In the meantime, the priority as regards resources should be to try to do everything possible, and for Social Security Ministers to try to make good the losses for all children--losses sustained as a result of cuts in the past five or six years.

Finally, I have several questions about the consequences of the index- linking of child benefit. The Government have made a commitment that inflation proofing will take place from April 1992. However, the hon. Member for Oldham, West mentioned inflation-proofing the overall amount and it is right that the House should ask the Government to explain exactly what is involved in that. If one inflation proofs the amount of money, but gives discretion to the Secretary of State to allocate money within the increased total it introduces some uncertainty into the type of indexing that we may be confronting. It would be far simpler if the Government made an early commitment that they will index each rate, so that there is no doubt about that.

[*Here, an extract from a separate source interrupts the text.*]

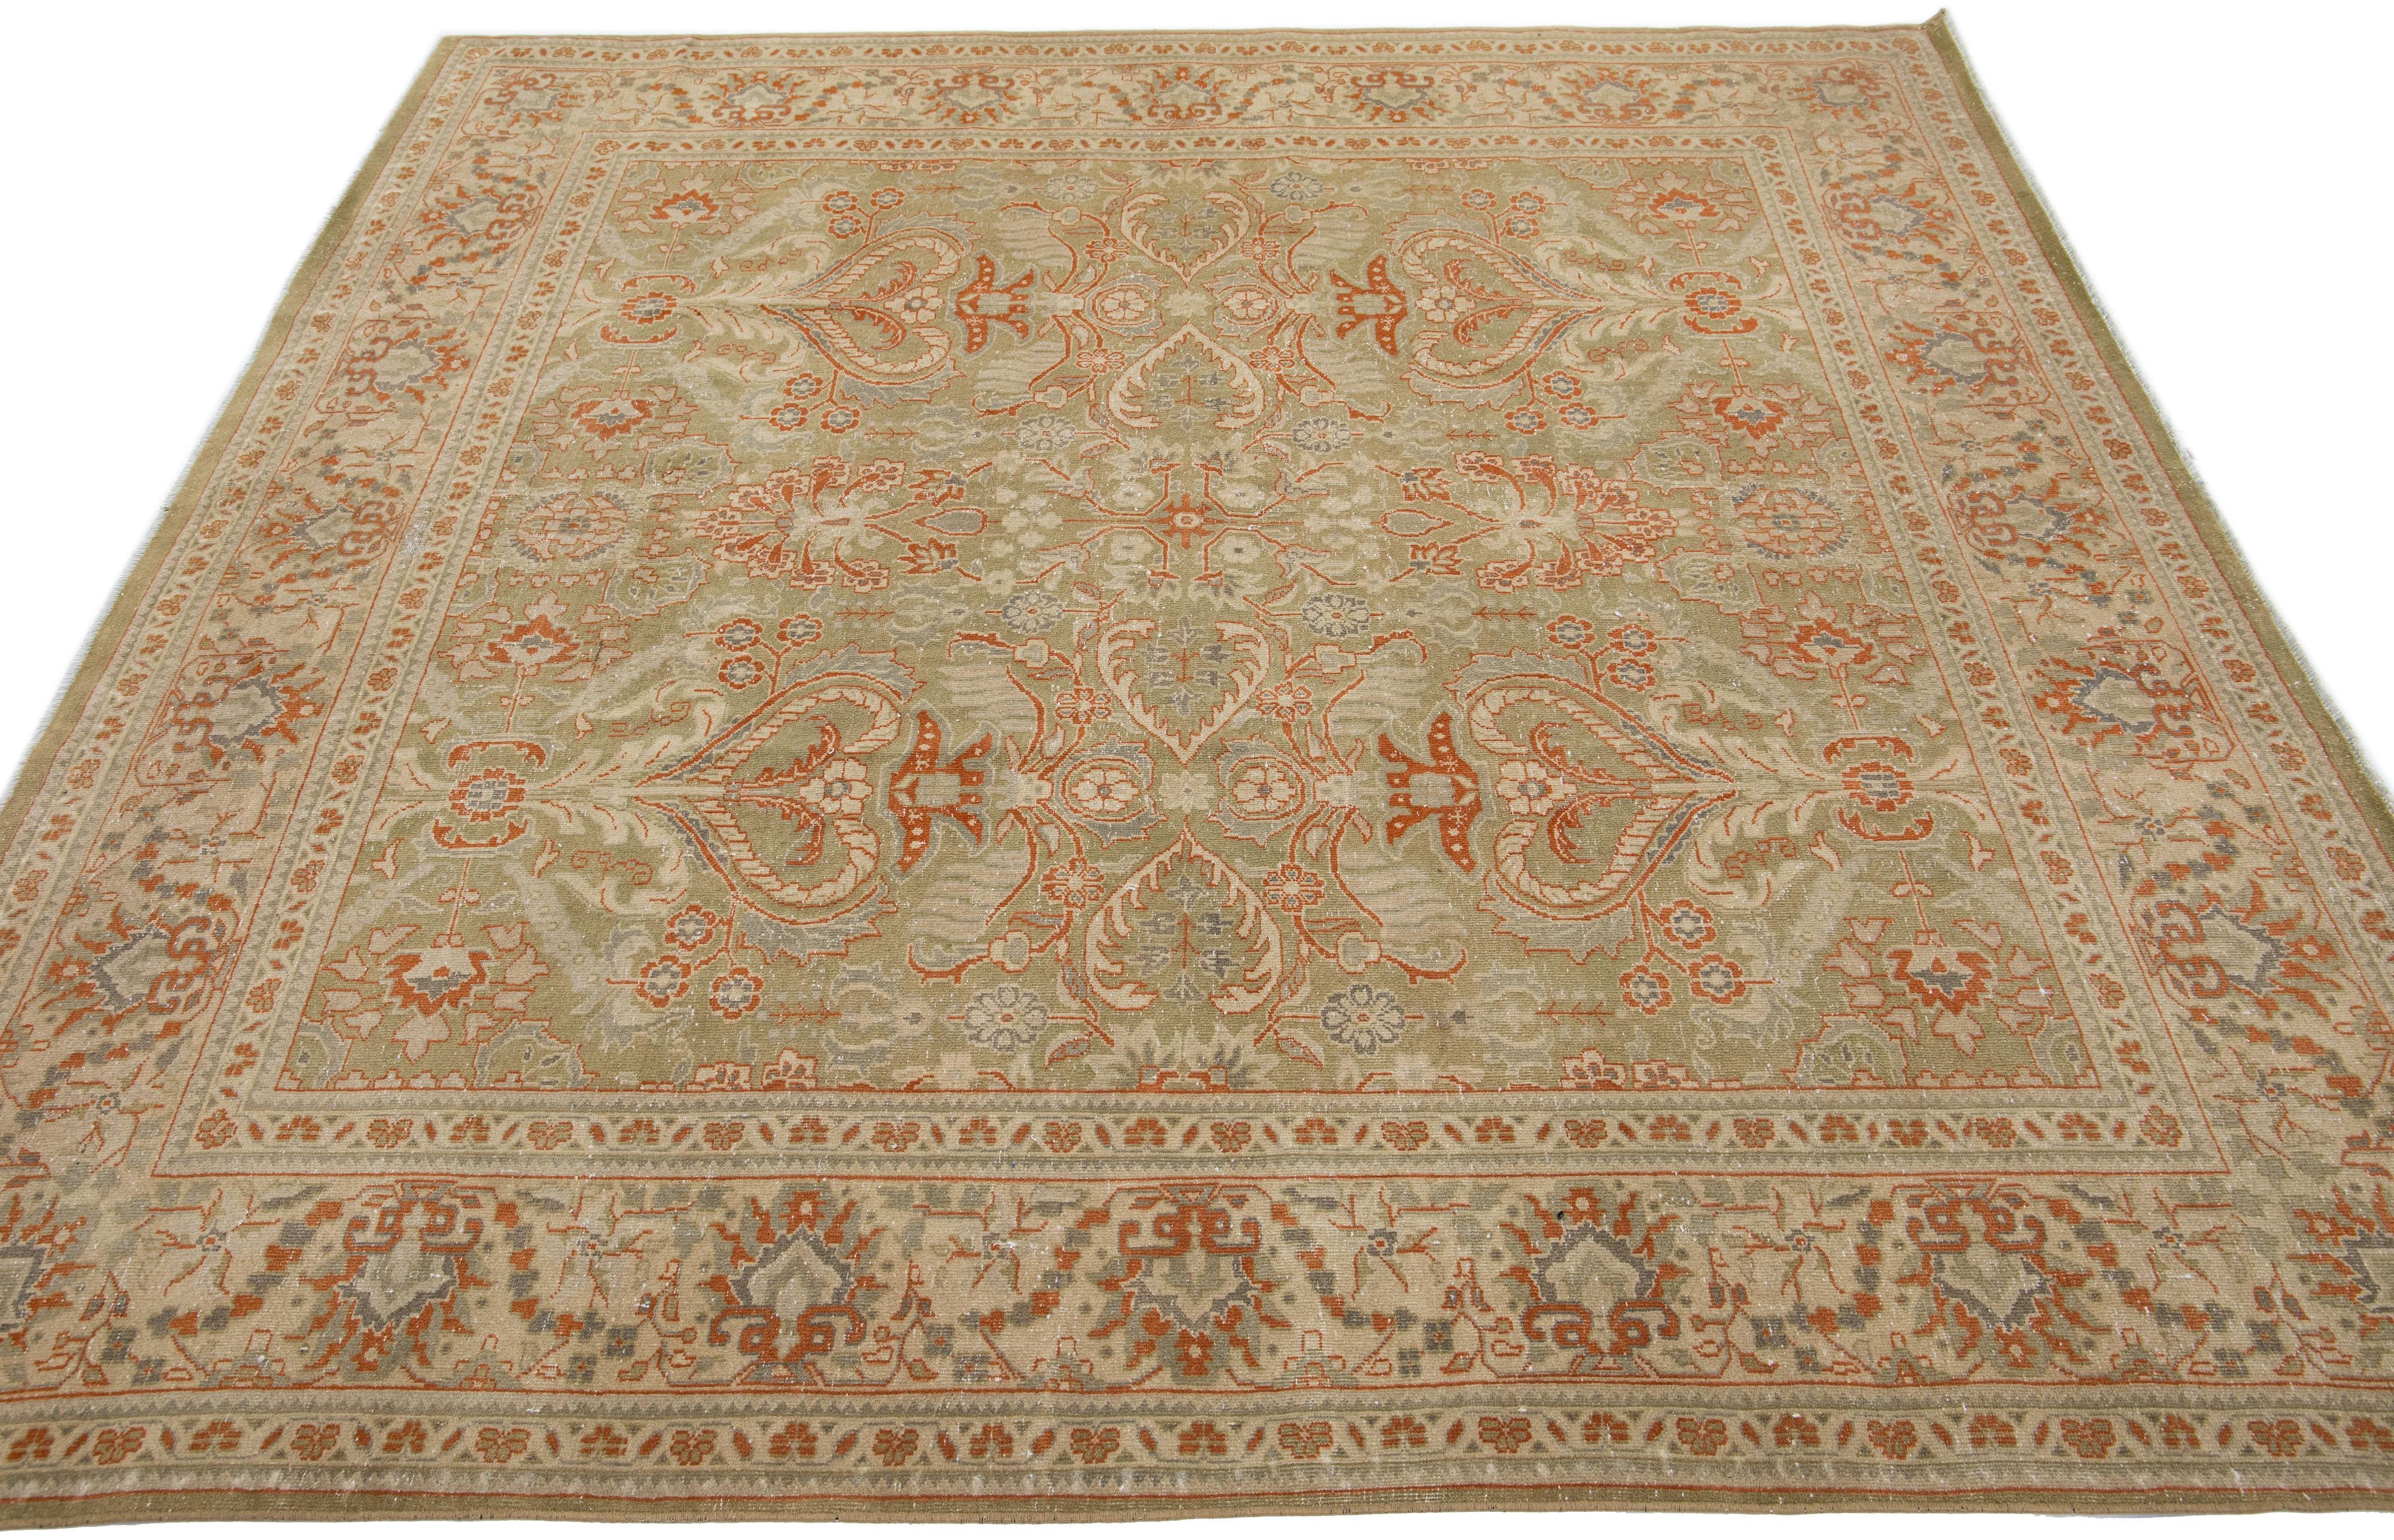 20th Century Green Antique Persian Mahal Handmade Square Wool Rug with Allover Floral Design For Sale

Otherwise, people will not be able to make any sense of what faces them.

Once the system for indexing of increases in child benefit is up and running, what period of time will be used, because the annual retail prices index runs from September to September, but these increases will be introduced in October? Will the Minister clarify the confusion that exists in my mind by saying a few words about that?

Finally--

Mr. Robert G. Hughes (Harrow, West) : For the second time.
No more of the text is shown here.